Instructions to follow:
The stretch wanted below opens at the line containing "Złocisty VIP tło" and closes at the line containing "25+ best ideas". Please return it exactly, with no other lines.

Data shown:

****

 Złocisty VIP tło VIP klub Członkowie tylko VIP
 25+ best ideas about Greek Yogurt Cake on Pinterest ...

****

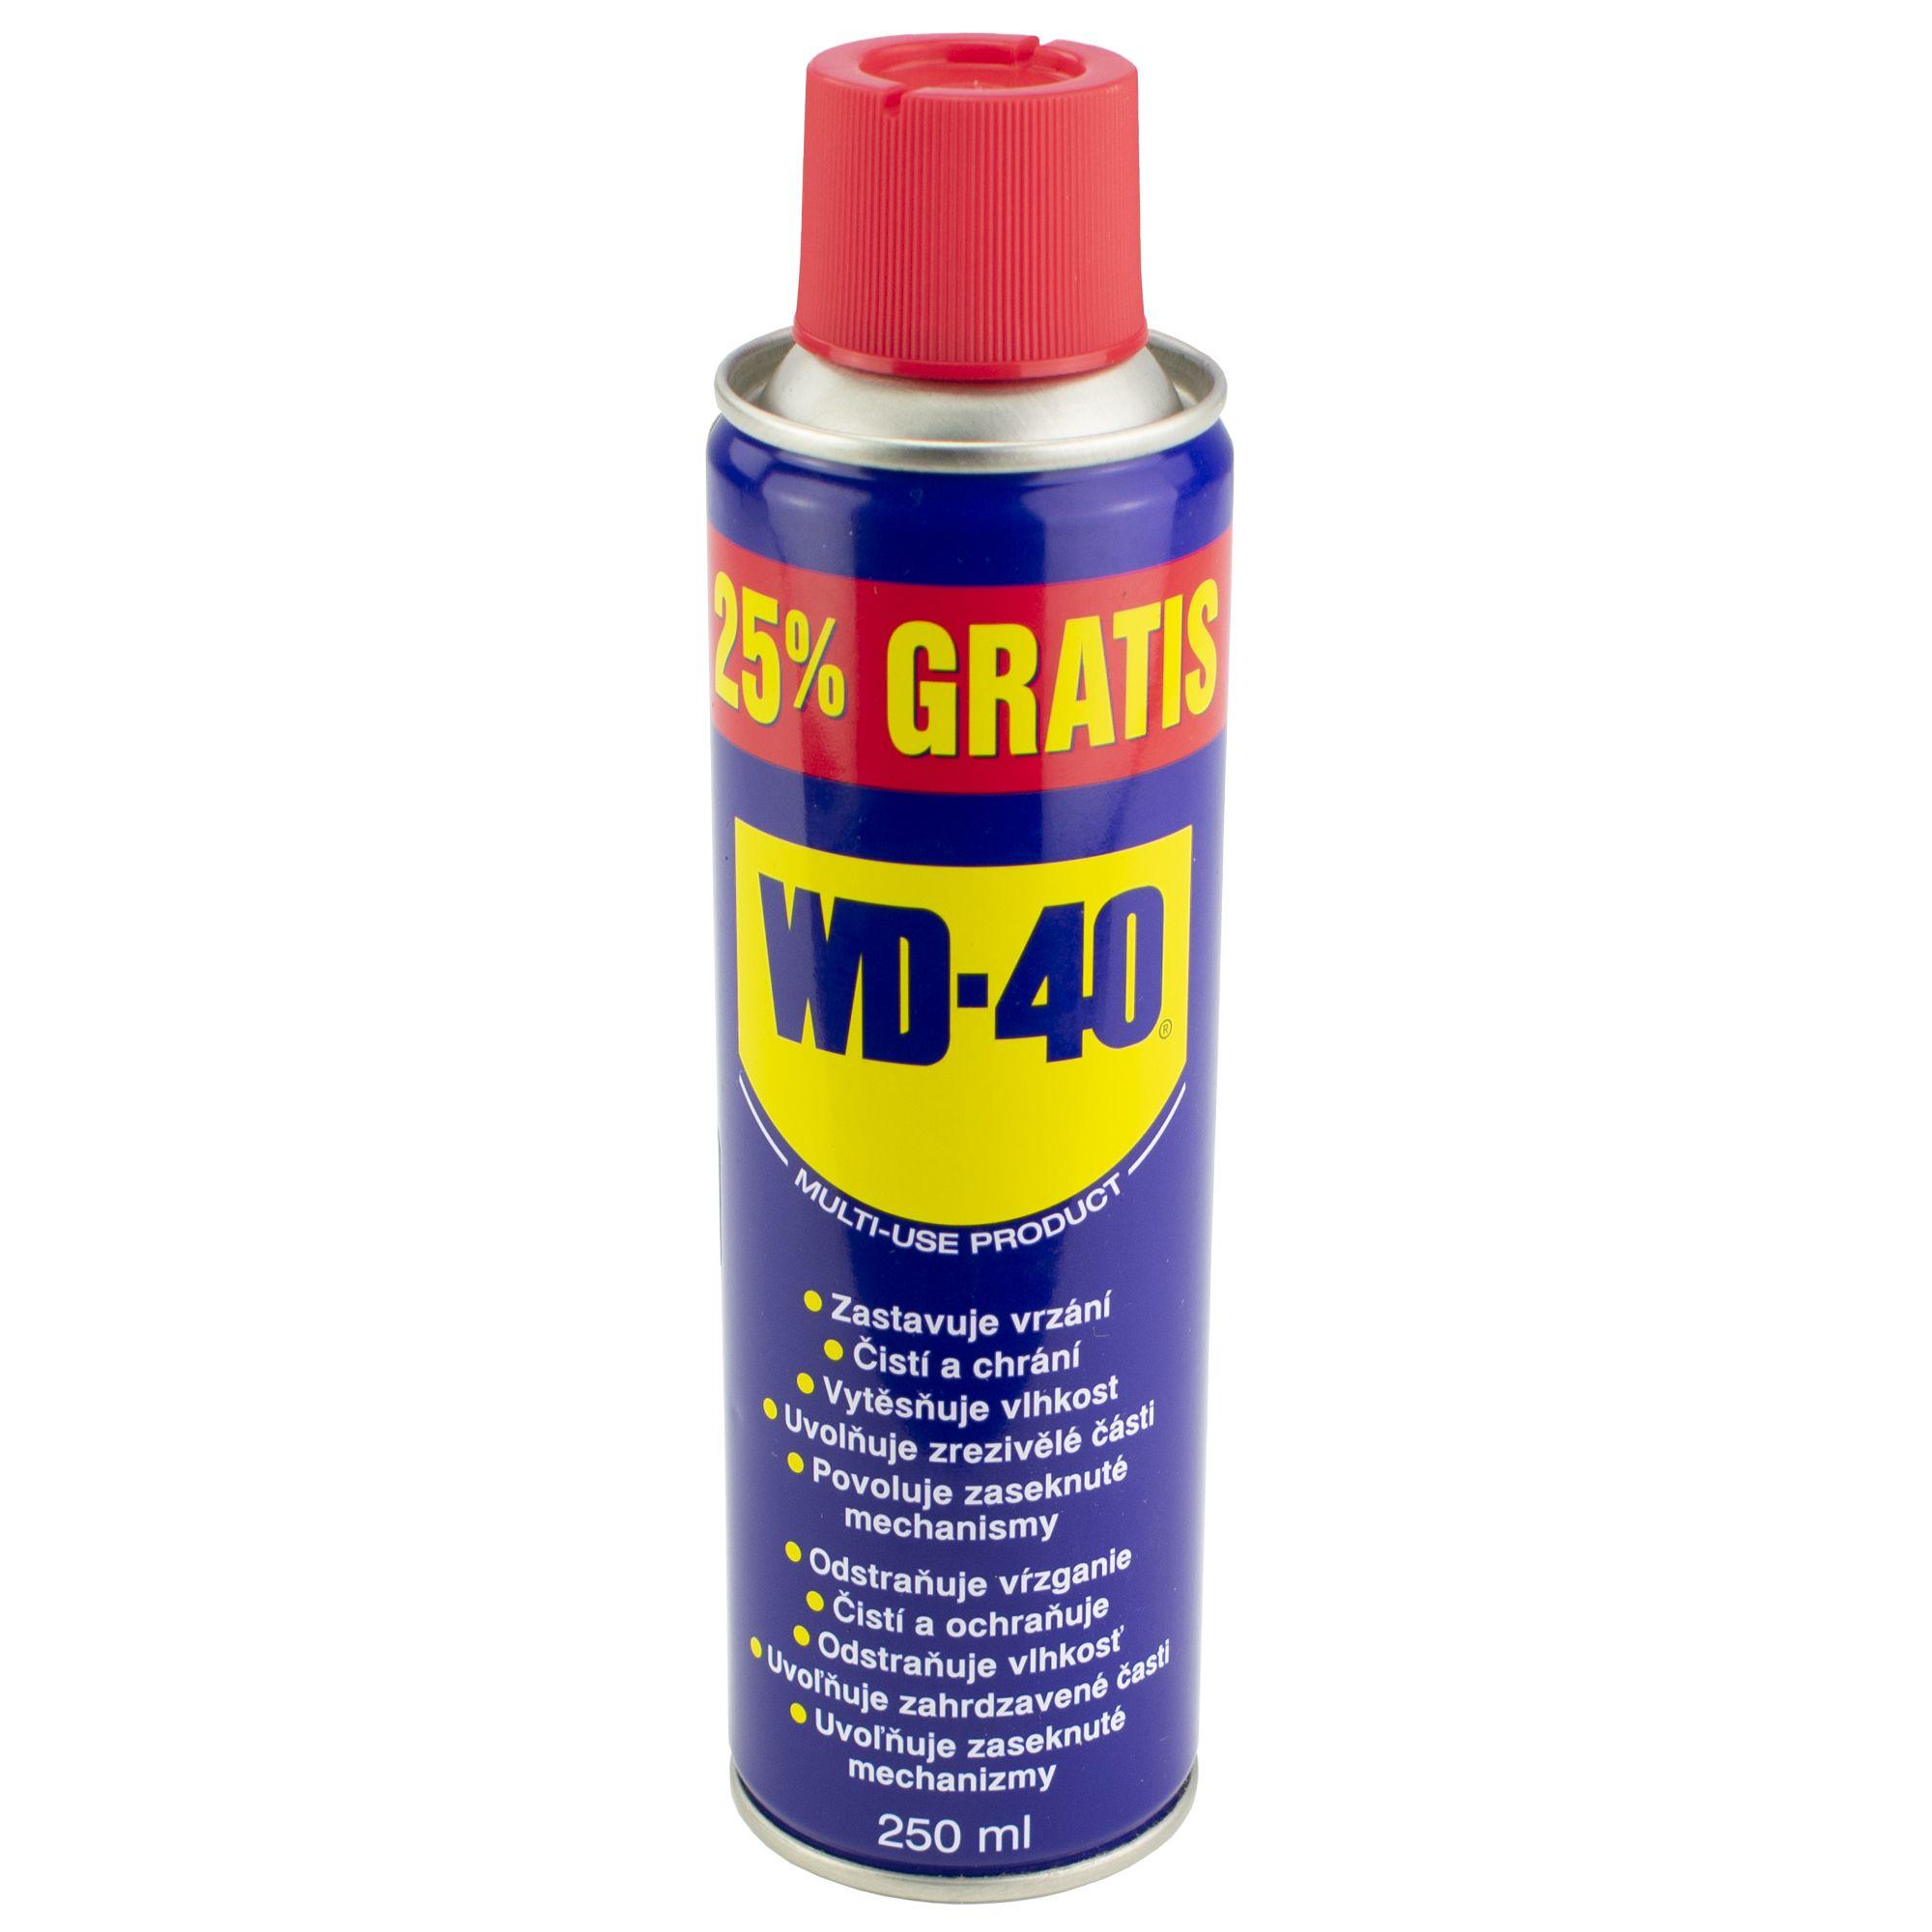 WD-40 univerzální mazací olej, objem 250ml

****

Output of the exercise:
 Złocisty VIP tło VIP klub Członkowie tylko VIP
 25+ best ideas about Greek Yogurt Cake on Pinterest ...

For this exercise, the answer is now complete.